>>>

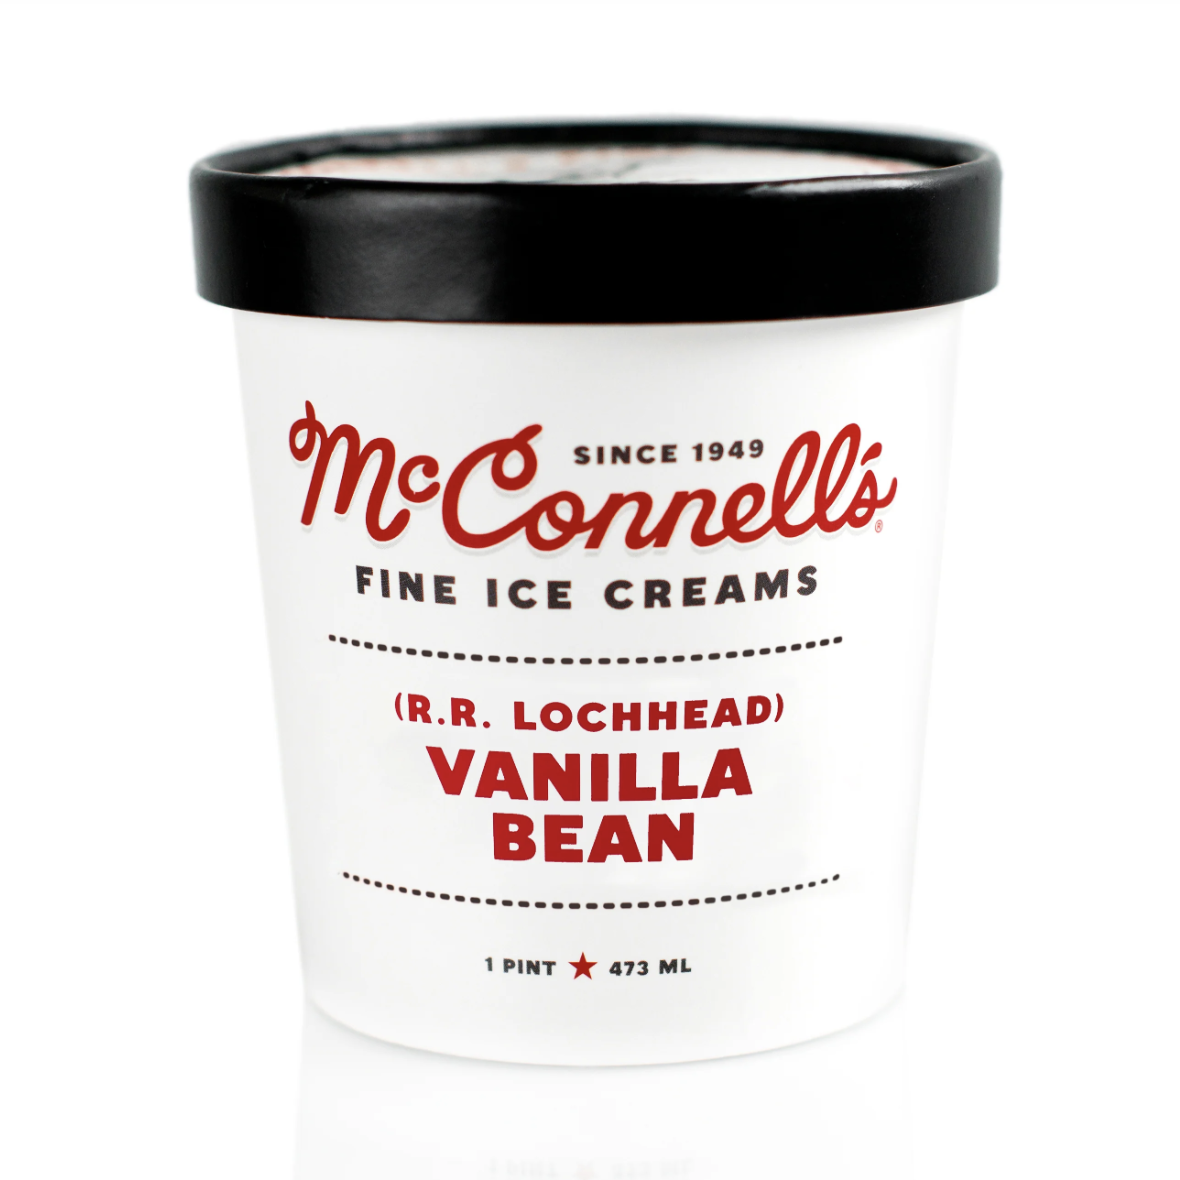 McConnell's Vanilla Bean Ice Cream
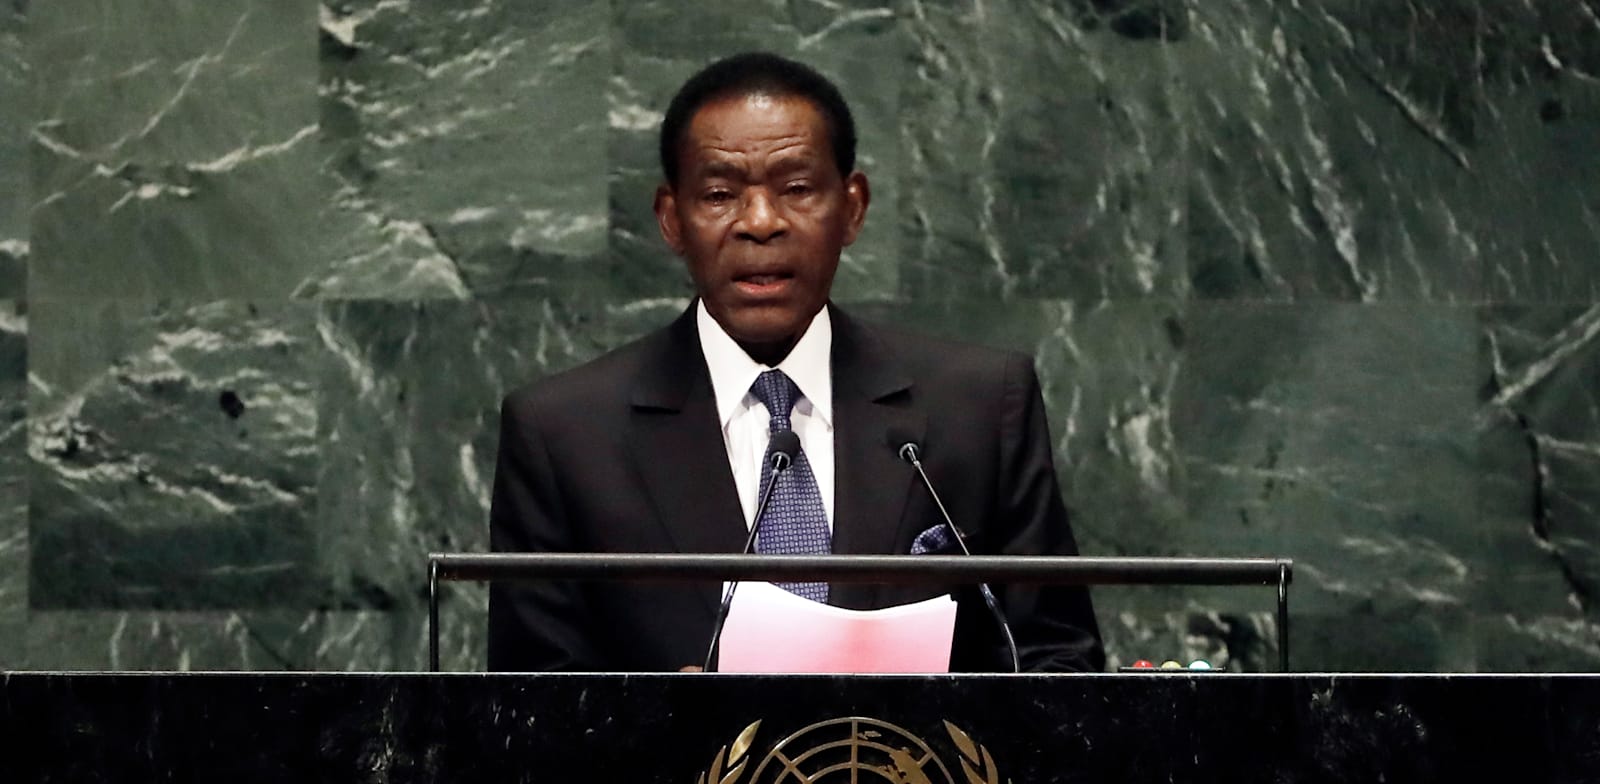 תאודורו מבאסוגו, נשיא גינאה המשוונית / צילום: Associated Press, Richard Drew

<<<
>>>

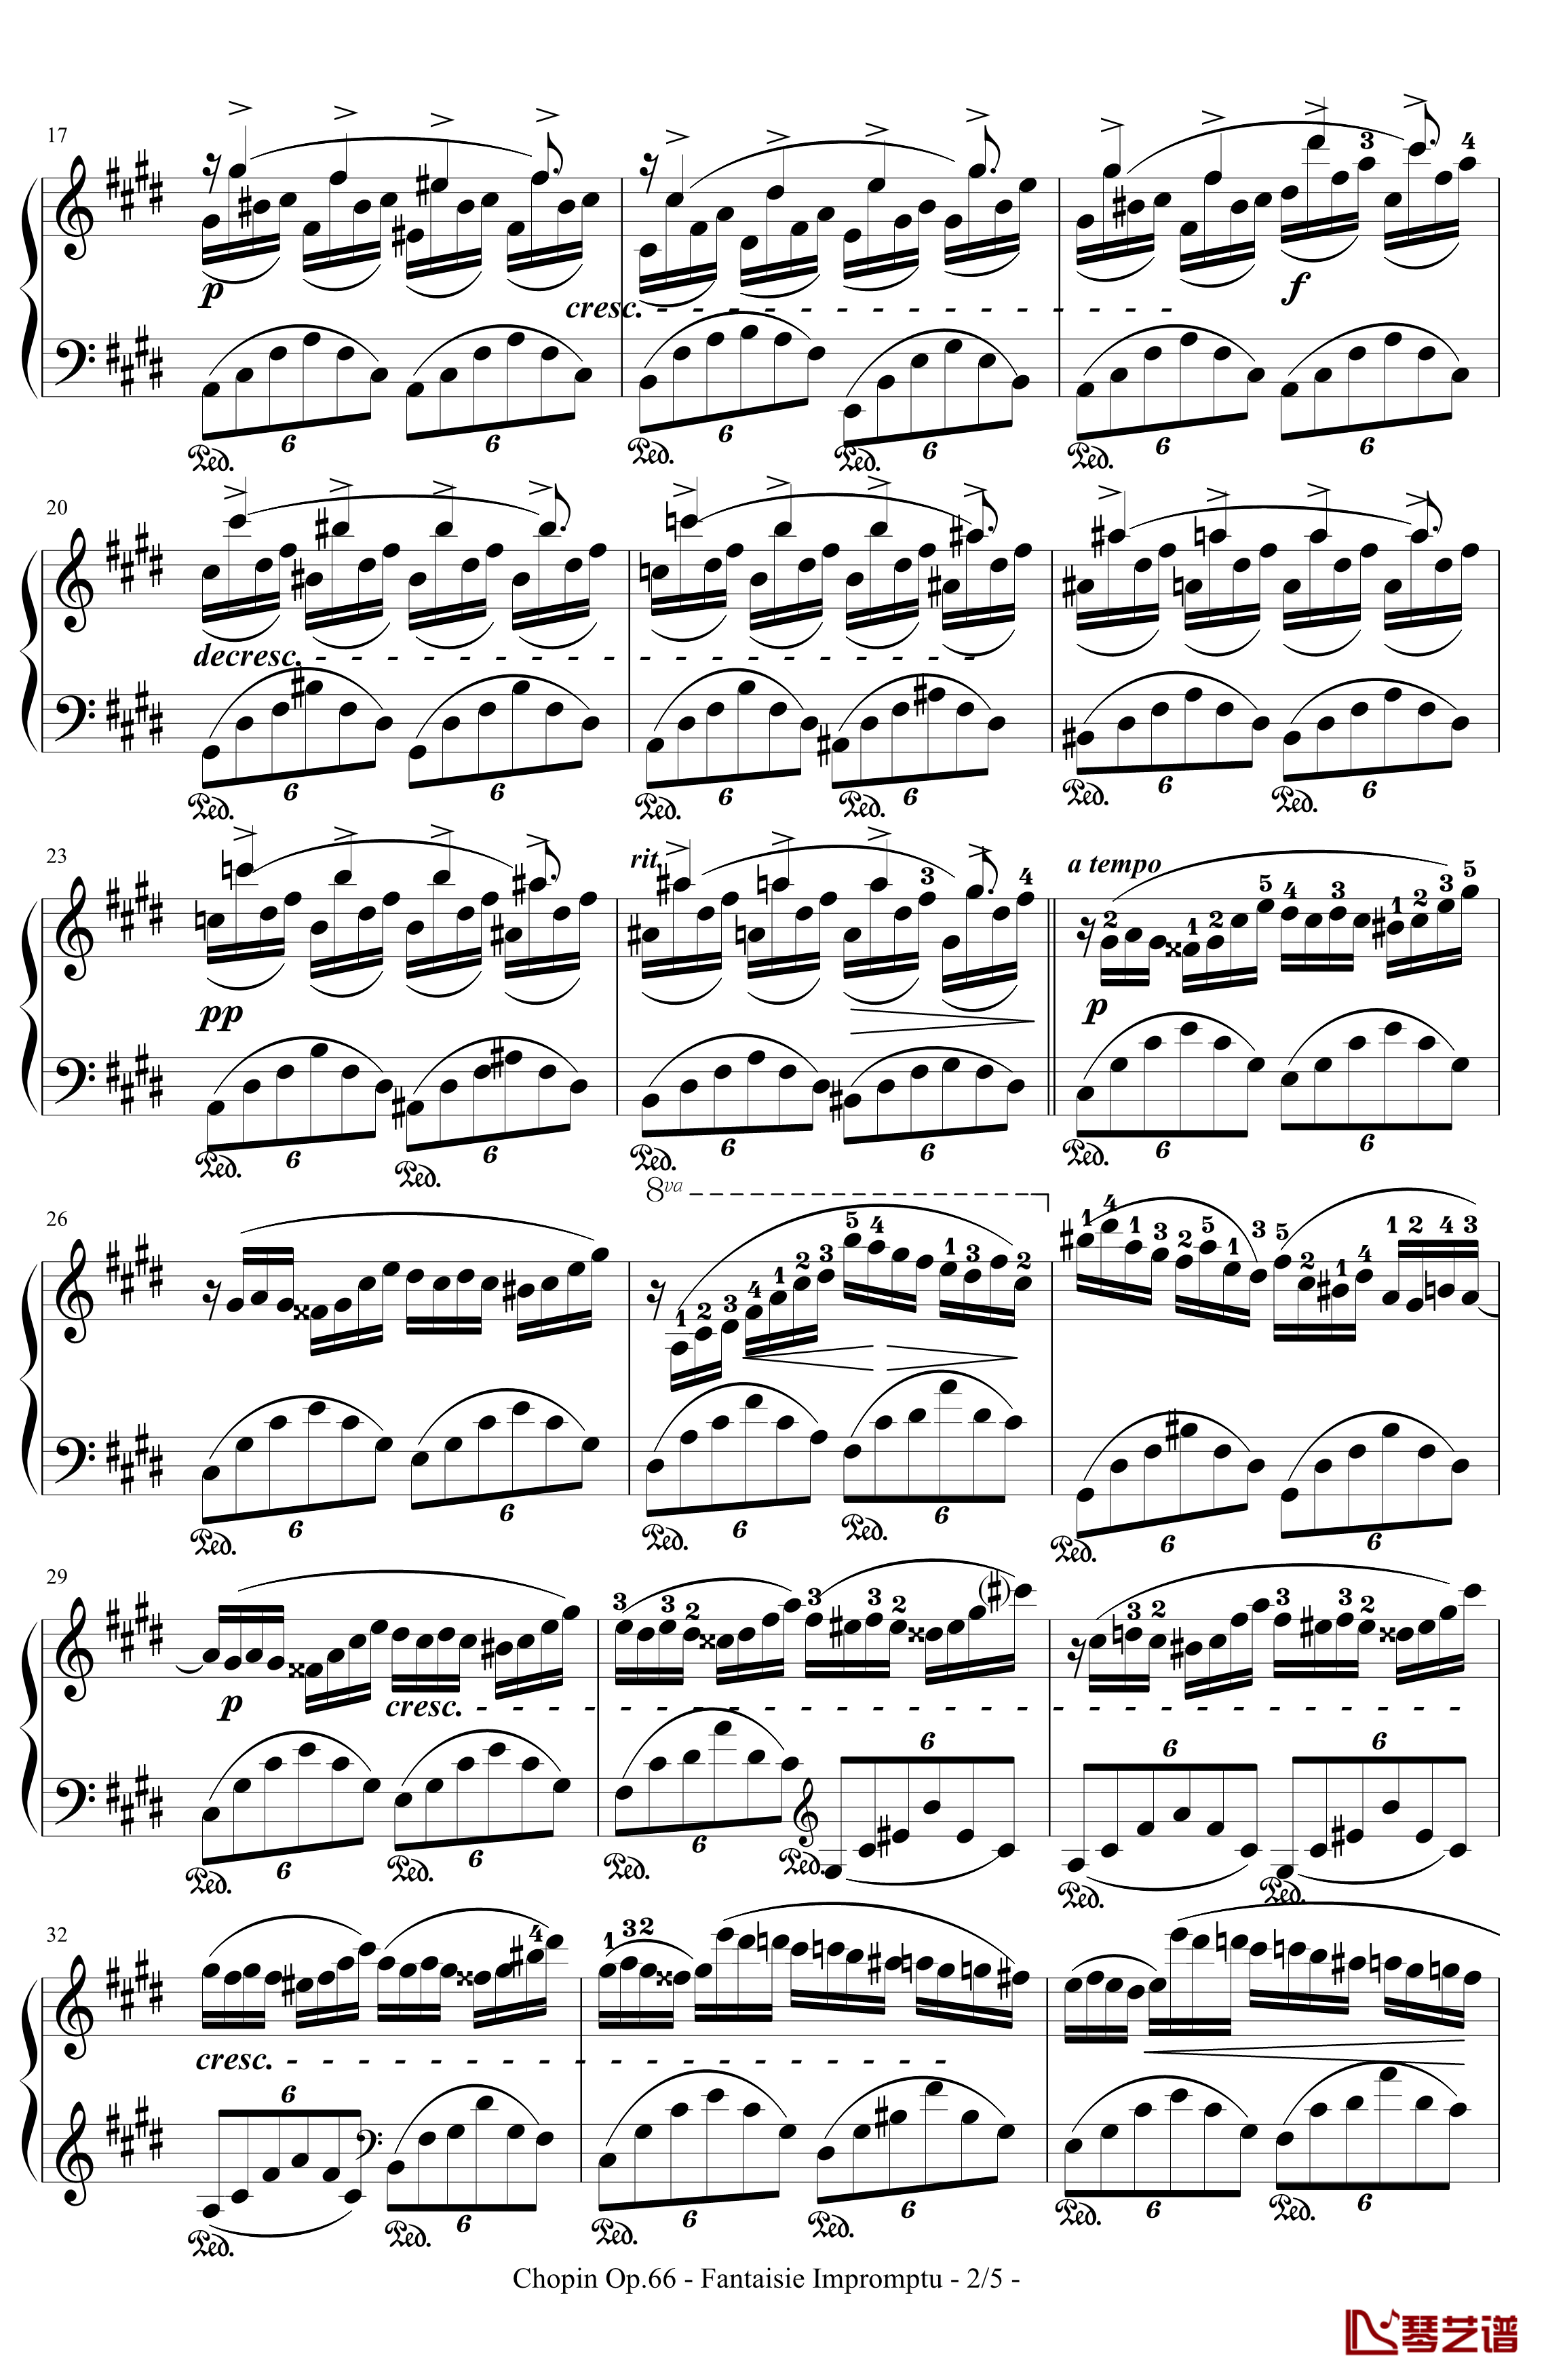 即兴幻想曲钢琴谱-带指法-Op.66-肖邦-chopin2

<<<

Using the records above, return word for word the lines that begin at the one containing "McConnell's Vanilla Bean Ice Cream" and end at the one containing "תאודורו מבאסוגו, נשיא", both of them included and no pictures.

■ **RESPONSE TO THIS TASK**
 McConnell's Vanilla Bean Ice Cream
 תאודורו מבאסוגו, נשיא גינאה המשוונית / צילום: Associated Press, Richard Drew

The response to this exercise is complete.